*** EXERCISE DATA Section Begins ***

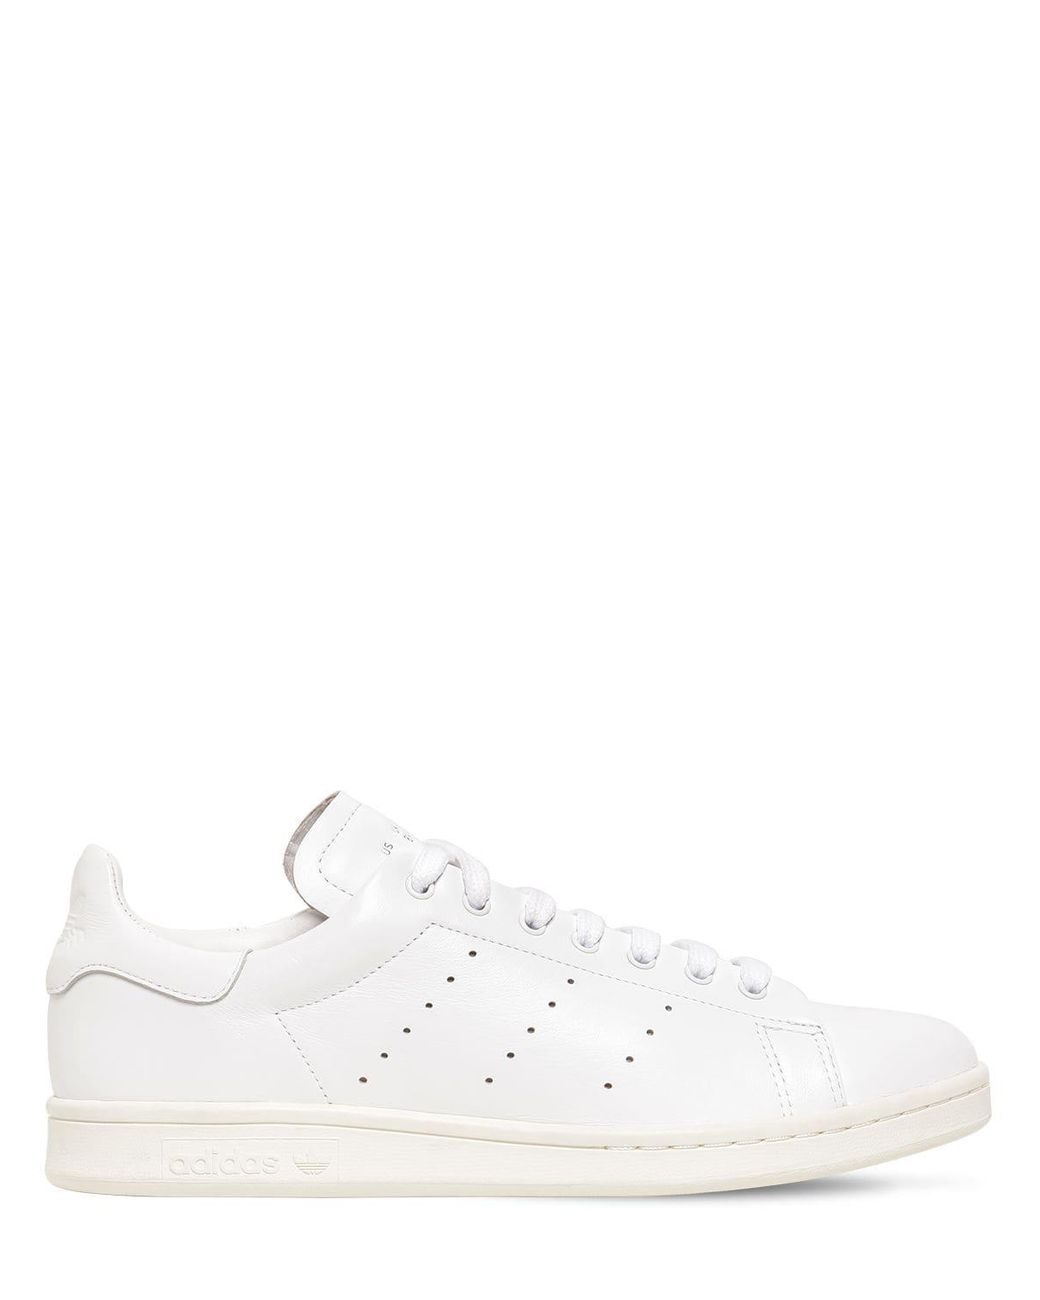 adidas Originals Stan Smith Recon Leather Sneakers in White - Lyst
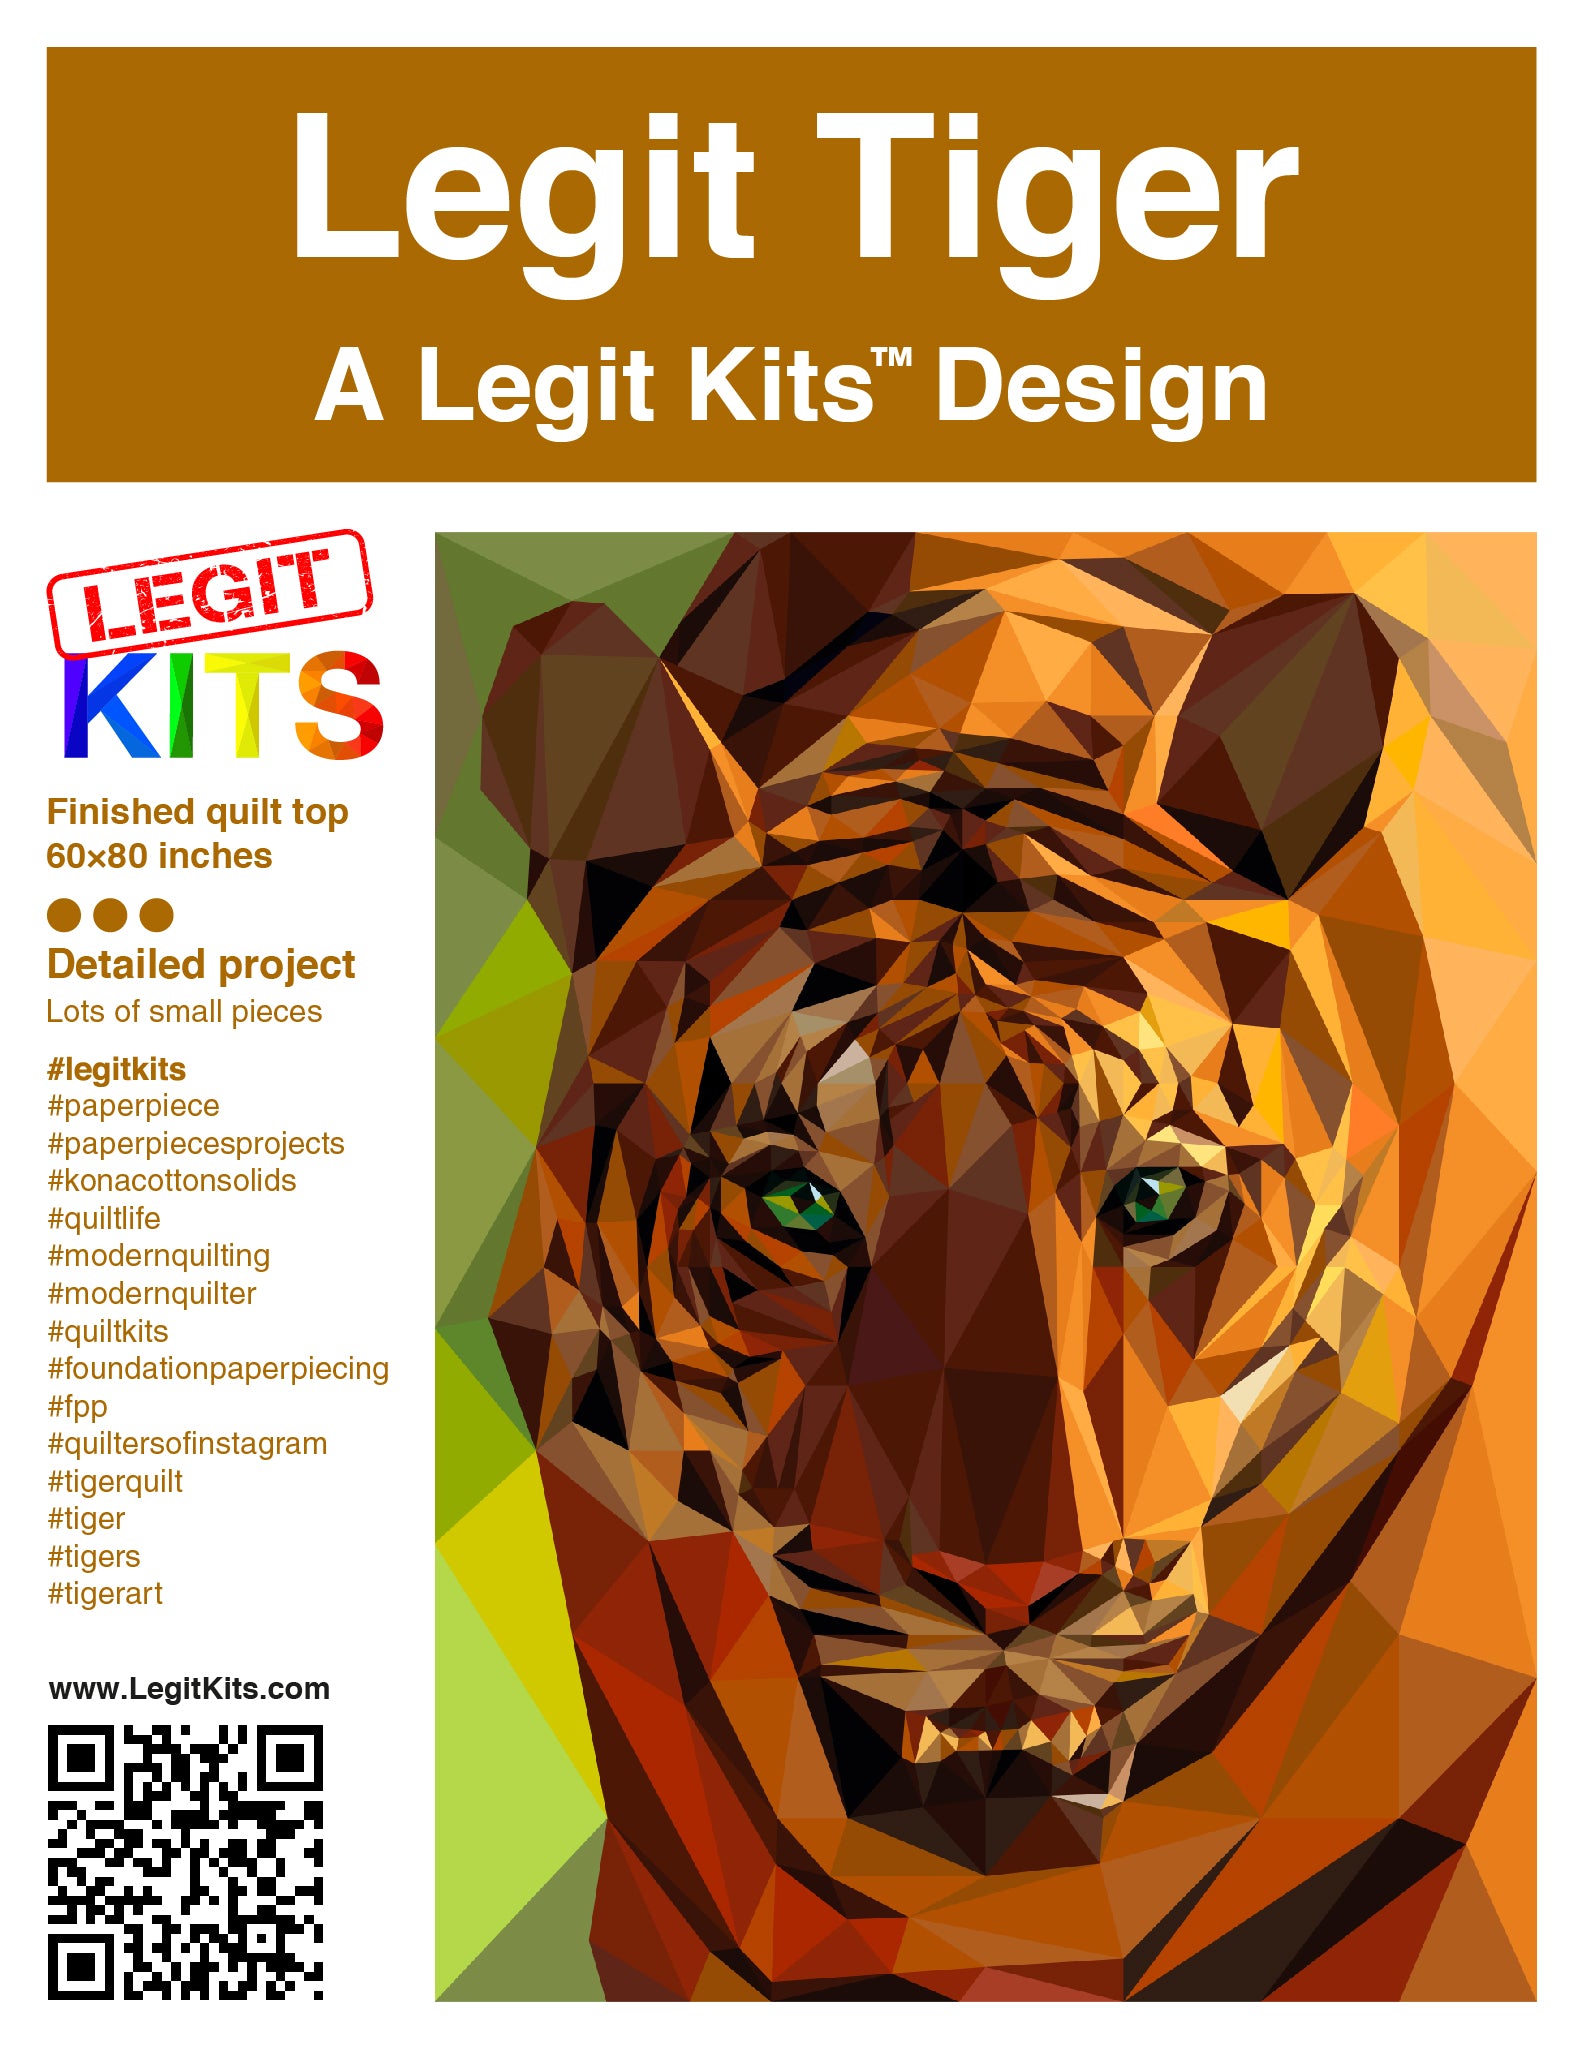 Legit Tiger, a 60 by 80 inch quilt designed by Legit Kits.
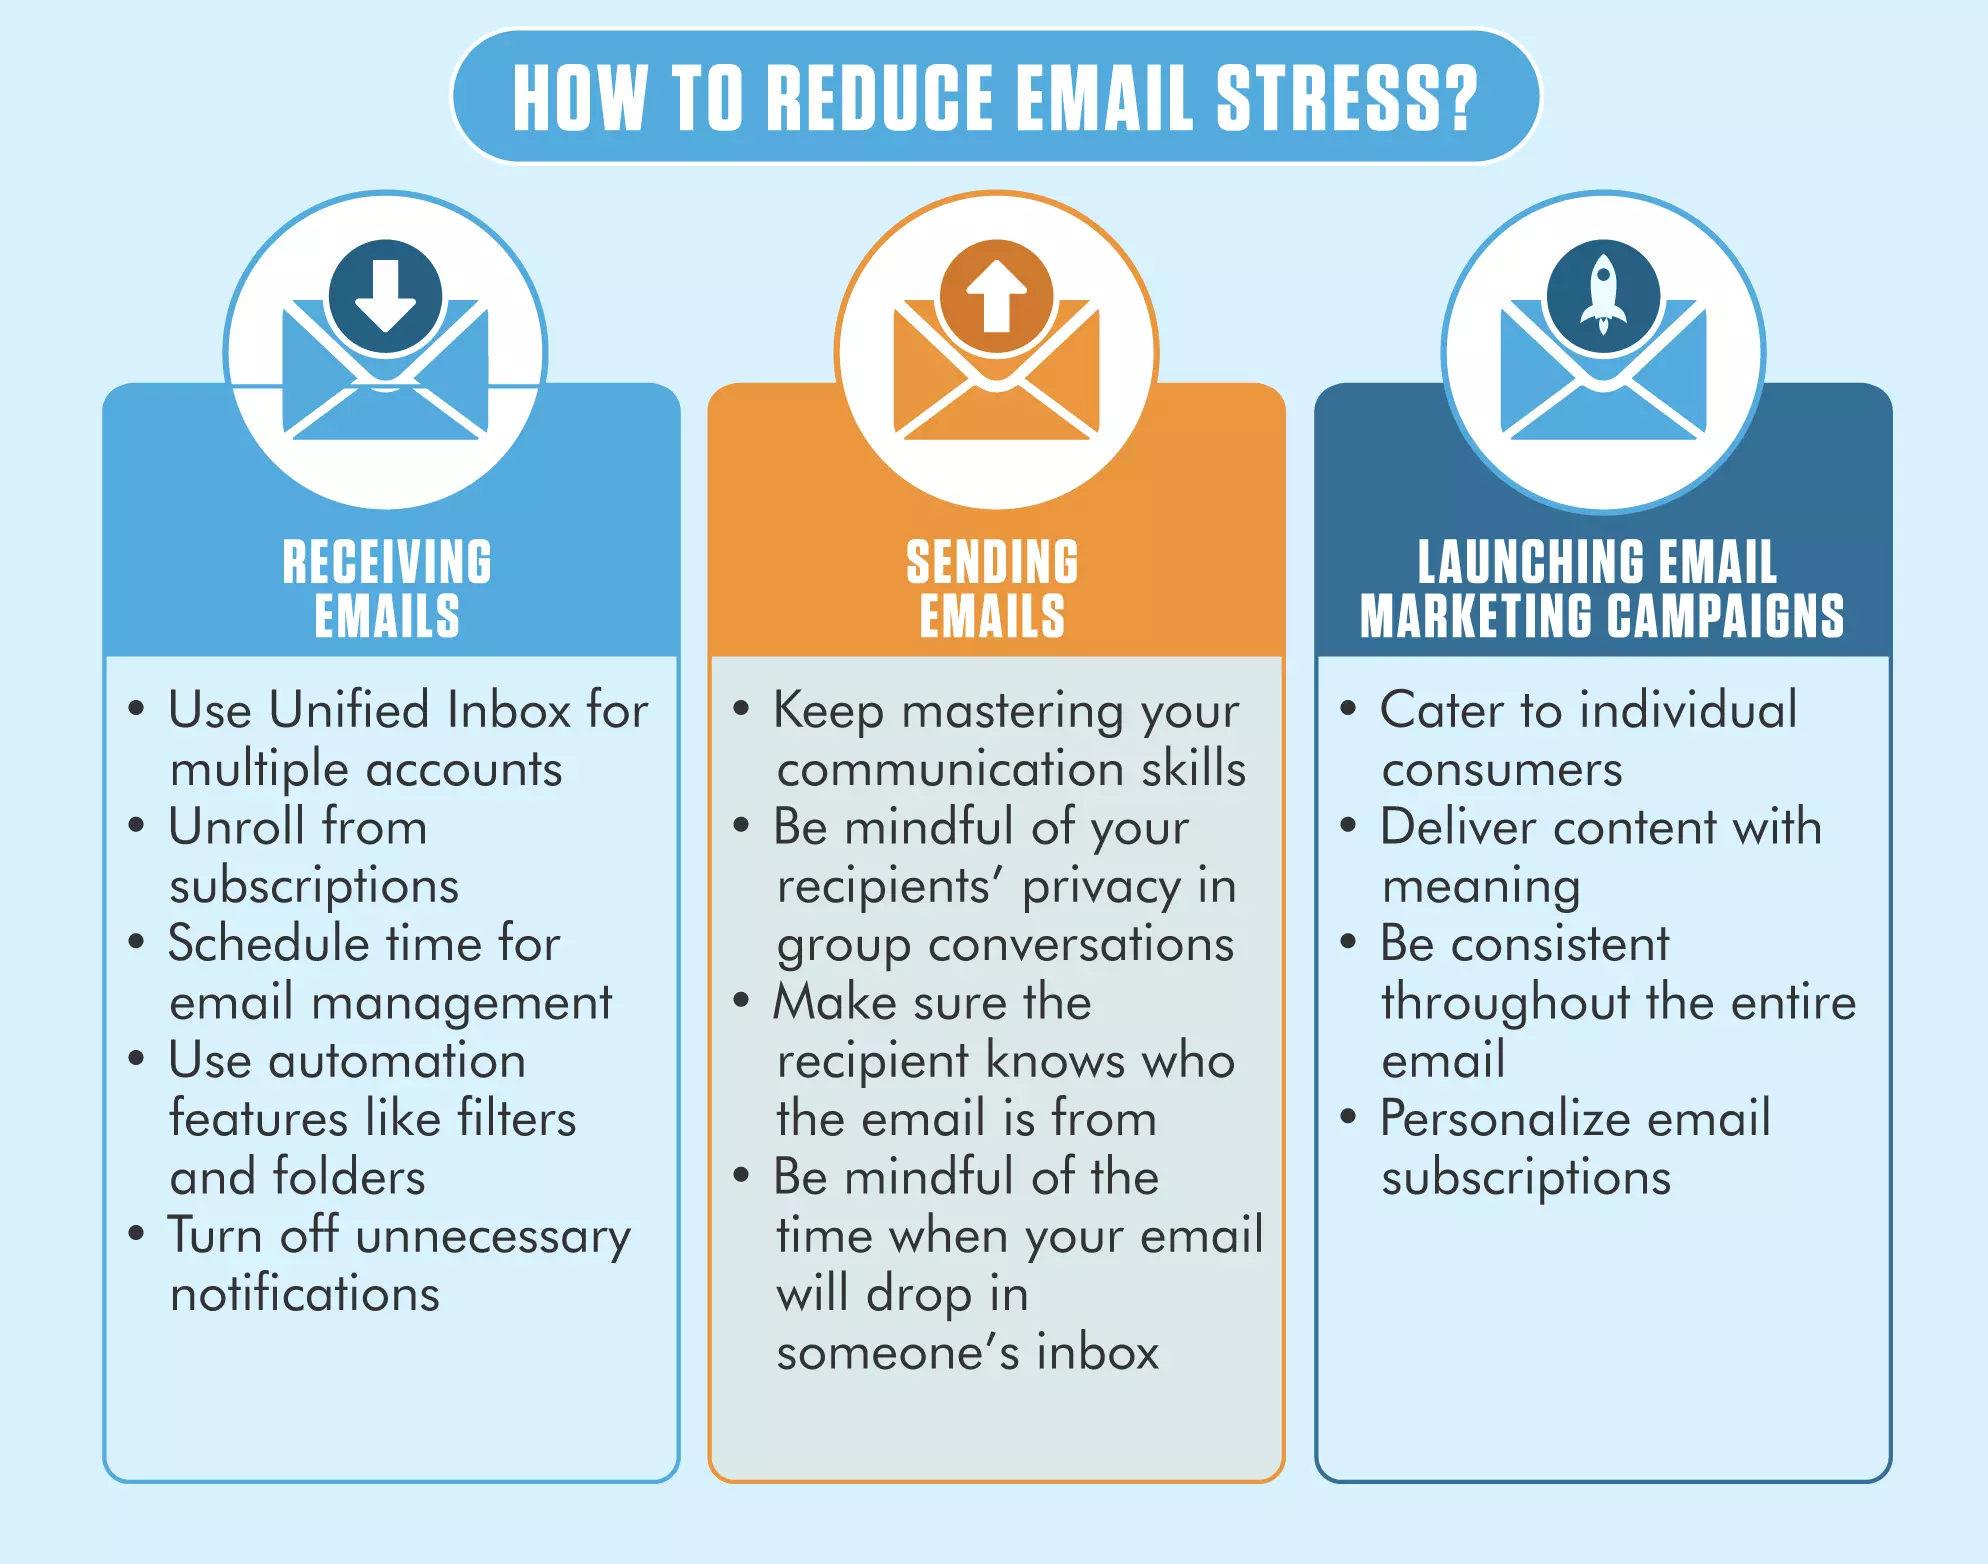 How to reduce email stress

*** EXERCISE DATA Section Ends ***

After locating the line with "Legit Tiger, a" in the listing above, transcribe it and every line after it to the last, exactly, with no pictures.

 Legit Tiger, a 60 by 80 inch quilt designed by Legit Kits.
 How to reduce email stress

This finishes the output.